### DATASET EXCERPTS
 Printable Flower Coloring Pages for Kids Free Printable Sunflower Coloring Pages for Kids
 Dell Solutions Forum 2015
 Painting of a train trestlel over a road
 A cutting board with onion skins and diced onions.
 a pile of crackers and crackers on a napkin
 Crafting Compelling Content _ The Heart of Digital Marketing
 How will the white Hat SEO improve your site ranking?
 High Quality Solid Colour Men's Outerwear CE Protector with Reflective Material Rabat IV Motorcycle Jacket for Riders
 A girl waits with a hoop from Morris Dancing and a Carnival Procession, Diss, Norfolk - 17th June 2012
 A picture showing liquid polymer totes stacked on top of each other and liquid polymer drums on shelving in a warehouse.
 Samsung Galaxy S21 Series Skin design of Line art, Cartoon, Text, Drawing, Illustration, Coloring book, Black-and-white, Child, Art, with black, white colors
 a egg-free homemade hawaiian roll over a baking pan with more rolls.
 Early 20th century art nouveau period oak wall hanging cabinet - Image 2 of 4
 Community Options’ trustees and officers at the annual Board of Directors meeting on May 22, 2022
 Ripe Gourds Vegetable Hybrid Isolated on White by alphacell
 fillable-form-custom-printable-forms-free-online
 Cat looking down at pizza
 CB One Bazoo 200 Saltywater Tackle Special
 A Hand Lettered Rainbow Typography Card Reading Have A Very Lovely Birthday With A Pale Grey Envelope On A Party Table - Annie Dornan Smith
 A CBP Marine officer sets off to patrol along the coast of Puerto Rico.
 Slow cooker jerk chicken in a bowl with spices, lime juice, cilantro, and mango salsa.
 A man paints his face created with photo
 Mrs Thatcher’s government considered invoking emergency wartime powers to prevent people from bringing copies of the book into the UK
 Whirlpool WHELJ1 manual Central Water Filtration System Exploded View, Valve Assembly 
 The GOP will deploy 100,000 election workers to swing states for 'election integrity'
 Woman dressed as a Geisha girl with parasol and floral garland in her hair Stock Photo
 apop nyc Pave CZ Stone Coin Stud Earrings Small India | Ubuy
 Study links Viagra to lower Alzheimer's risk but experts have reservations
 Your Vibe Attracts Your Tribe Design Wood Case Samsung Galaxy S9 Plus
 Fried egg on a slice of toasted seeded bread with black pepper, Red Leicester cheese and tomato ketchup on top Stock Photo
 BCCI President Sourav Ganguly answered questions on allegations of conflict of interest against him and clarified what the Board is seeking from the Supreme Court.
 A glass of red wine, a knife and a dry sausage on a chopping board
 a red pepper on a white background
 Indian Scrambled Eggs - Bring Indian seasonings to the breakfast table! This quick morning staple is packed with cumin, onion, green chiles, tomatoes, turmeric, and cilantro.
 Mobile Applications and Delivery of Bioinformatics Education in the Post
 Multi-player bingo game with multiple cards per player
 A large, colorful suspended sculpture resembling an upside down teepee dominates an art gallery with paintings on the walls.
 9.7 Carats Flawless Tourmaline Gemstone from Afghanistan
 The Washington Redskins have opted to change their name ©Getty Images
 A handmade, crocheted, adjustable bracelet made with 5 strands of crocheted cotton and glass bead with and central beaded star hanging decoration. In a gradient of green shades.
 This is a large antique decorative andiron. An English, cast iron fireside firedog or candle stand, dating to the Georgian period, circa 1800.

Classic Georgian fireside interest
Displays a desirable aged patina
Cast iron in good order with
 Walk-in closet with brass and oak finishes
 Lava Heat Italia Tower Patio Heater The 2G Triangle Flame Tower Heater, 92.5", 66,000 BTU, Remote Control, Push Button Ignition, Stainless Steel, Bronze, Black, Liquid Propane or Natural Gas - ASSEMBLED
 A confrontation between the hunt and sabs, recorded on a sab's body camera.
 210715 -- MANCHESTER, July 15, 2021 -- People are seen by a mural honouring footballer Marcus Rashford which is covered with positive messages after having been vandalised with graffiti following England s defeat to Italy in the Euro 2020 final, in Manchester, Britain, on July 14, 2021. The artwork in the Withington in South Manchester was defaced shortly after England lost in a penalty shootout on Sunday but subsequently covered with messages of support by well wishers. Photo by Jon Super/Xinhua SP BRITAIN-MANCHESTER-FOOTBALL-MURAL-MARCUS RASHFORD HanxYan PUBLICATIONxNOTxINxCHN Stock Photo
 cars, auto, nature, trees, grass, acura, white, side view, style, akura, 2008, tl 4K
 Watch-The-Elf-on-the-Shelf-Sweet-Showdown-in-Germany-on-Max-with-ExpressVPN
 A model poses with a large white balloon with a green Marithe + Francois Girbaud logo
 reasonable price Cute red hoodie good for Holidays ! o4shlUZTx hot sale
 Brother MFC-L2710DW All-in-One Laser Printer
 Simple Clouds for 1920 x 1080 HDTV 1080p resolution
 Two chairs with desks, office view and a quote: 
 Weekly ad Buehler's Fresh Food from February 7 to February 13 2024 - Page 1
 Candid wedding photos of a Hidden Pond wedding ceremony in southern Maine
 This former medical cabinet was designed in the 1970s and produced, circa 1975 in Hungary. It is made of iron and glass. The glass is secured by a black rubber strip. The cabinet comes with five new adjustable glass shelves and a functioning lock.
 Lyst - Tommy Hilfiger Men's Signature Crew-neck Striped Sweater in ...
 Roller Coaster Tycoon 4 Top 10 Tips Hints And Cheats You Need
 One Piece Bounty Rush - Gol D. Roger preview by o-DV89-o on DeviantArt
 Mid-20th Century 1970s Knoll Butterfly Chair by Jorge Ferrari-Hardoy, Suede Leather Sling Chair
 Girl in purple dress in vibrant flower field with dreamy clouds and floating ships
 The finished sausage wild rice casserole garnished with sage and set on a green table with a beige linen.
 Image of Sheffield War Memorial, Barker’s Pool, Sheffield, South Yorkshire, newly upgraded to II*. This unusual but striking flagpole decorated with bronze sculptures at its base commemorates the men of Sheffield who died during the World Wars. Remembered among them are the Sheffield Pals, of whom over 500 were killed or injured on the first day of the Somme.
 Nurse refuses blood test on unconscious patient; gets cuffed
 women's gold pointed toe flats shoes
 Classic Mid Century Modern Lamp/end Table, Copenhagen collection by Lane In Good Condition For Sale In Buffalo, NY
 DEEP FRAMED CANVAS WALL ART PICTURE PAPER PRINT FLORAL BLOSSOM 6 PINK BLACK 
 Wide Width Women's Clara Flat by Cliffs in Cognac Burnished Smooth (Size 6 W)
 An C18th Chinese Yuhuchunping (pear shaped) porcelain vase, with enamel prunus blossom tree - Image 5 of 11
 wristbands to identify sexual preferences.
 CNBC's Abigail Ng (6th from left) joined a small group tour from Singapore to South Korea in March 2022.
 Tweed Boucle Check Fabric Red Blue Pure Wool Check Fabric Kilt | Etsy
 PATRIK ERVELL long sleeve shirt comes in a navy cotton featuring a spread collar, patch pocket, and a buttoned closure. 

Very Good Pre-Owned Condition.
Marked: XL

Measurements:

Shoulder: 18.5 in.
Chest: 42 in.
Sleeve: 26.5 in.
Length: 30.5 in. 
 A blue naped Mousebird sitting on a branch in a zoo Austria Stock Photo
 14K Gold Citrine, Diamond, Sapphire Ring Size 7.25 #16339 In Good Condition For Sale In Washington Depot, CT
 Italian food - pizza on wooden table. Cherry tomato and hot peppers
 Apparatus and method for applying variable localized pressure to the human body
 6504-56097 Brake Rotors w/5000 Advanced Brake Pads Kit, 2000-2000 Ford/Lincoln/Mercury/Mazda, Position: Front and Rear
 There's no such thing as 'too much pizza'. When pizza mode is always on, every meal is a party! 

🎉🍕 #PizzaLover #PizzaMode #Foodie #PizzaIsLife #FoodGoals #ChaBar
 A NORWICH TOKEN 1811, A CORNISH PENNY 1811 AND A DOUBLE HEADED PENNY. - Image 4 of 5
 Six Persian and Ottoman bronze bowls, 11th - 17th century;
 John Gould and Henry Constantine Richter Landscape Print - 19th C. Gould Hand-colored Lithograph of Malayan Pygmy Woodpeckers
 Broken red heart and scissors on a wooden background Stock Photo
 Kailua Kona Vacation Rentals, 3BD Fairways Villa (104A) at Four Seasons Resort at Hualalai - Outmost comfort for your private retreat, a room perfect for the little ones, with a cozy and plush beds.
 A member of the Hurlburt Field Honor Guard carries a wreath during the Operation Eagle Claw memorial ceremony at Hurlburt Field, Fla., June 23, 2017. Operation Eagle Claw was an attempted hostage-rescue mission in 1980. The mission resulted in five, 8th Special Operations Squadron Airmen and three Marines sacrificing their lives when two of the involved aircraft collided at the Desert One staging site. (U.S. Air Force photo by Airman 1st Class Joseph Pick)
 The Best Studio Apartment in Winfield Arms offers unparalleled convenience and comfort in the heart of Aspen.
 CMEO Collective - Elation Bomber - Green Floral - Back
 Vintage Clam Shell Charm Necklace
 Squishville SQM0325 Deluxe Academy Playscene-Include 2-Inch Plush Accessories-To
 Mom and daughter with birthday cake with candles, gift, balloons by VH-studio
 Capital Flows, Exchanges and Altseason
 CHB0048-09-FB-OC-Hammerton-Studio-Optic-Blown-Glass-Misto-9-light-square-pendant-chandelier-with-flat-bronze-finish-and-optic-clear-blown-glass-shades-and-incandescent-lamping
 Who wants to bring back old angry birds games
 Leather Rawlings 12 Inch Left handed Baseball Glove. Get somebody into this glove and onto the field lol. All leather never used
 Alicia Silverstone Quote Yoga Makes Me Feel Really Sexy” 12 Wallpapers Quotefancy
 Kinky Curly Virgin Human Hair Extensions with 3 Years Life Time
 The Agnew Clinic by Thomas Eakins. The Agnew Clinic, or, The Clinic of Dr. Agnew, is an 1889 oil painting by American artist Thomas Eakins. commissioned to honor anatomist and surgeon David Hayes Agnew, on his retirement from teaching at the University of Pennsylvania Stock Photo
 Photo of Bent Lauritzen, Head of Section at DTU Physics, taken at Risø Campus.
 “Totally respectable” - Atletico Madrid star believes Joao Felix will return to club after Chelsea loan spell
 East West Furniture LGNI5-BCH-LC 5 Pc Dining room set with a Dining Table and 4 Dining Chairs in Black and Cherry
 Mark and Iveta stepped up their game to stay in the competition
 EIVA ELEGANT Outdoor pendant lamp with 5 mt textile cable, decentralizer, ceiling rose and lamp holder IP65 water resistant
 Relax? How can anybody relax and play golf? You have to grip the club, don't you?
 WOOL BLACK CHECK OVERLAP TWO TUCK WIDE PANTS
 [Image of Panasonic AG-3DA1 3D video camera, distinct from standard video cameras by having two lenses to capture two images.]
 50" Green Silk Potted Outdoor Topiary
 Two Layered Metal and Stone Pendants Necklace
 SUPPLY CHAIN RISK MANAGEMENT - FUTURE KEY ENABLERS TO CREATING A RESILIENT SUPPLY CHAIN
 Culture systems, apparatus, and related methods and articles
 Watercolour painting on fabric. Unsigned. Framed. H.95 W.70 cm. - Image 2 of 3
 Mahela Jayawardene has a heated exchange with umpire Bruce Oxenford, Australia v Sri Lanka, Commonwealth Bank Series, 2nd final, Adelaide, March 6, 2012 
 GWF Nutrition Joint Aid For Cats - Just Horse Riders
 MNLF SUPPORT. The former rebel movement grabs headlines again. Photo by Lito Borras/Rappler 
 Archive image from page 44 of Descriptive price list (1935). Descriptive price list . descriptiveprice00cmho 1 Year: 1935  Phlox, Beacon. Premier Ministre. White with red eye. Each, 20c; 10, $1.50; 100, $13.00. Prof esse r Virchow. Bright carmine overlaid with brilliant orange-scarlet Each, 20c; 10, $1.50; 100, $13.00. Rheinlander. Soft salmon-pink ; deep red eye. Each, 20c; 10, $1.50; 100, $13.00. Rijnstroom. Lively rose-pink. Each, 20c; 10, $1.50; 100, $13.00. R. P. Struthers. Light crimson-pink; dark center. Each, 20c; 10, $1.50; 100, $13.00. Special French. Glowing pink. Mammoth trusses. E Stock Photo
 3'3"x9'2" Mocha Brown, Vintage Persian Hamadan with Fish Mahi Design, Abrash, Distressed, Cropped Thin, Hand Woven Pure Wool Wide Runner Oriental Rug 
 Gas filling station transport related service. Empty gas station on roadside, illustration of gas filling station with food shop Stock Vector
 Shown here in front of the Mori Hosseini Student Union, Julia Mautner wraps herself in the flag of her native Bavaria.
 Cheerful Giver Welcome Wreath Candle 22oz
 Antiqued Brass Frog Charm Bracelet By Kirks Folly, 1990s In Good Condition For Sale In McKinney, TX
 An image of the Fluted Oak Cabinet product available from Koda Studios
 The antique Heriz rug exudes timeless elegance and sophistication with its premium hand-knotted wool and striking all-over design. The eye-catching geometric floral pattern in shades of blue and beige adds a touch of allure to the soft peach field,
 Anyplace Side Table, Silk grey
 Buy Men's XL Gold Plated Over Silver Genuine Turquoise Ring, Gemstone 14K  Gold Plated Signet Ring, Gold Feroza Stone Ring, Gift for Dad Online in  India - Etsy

### WHAT YOU ARE ASKED TO DO
Set down exactly the lines of the data above, beginning with the line that has "This is a large" and ending with the line that has "210715 -- MANCHESTER, July", and no others.

### RESULT OF THE EXERCISE
 This is a large antique decorative andiron. An English, cast iron fireside firedog or candle stand, dating to the Georgian period, circa 1800.

Classic Georgian fireside interest
Displays a desirable aged patina
Cast iron in good order with
 Walk-in closet with brass and oak finishes
 Lava Heat Italia Tower Patio Heater The 2G Triangle Flame Tower Heater, 92.5", 66,000 BTU, Remote Control, Push Button Ignition, Stainless Steel, Bronze, Black, Liquid Propane or Natural Gas - ASSEMBLED
 A confrontation between the hunt and sabs, recorded on a sab's body camera.
 210715 -- MANCHESTER, July 15, 2021 -- People are seen by a mural honouring footballer Marcus Rashford which is covered with positive messages after having been vandalised with graffiti following England s defeat to Italy in the Euro 2020 final, in Manchester, Britain, on July 14, 2021. The artwork in the Withington in South Manchester was defaced shortly after England lost in a penalty shootout on Sunday but subsequently covered with messages of support by well wishers. Photo by Jon Super/Xinhua SP BRITAIN-MANCHESTER-FOOTBALL-MURAL-MARCUS RASHFORD HanxYan PUBLICATIONxNOTxINxCHN Stock Photo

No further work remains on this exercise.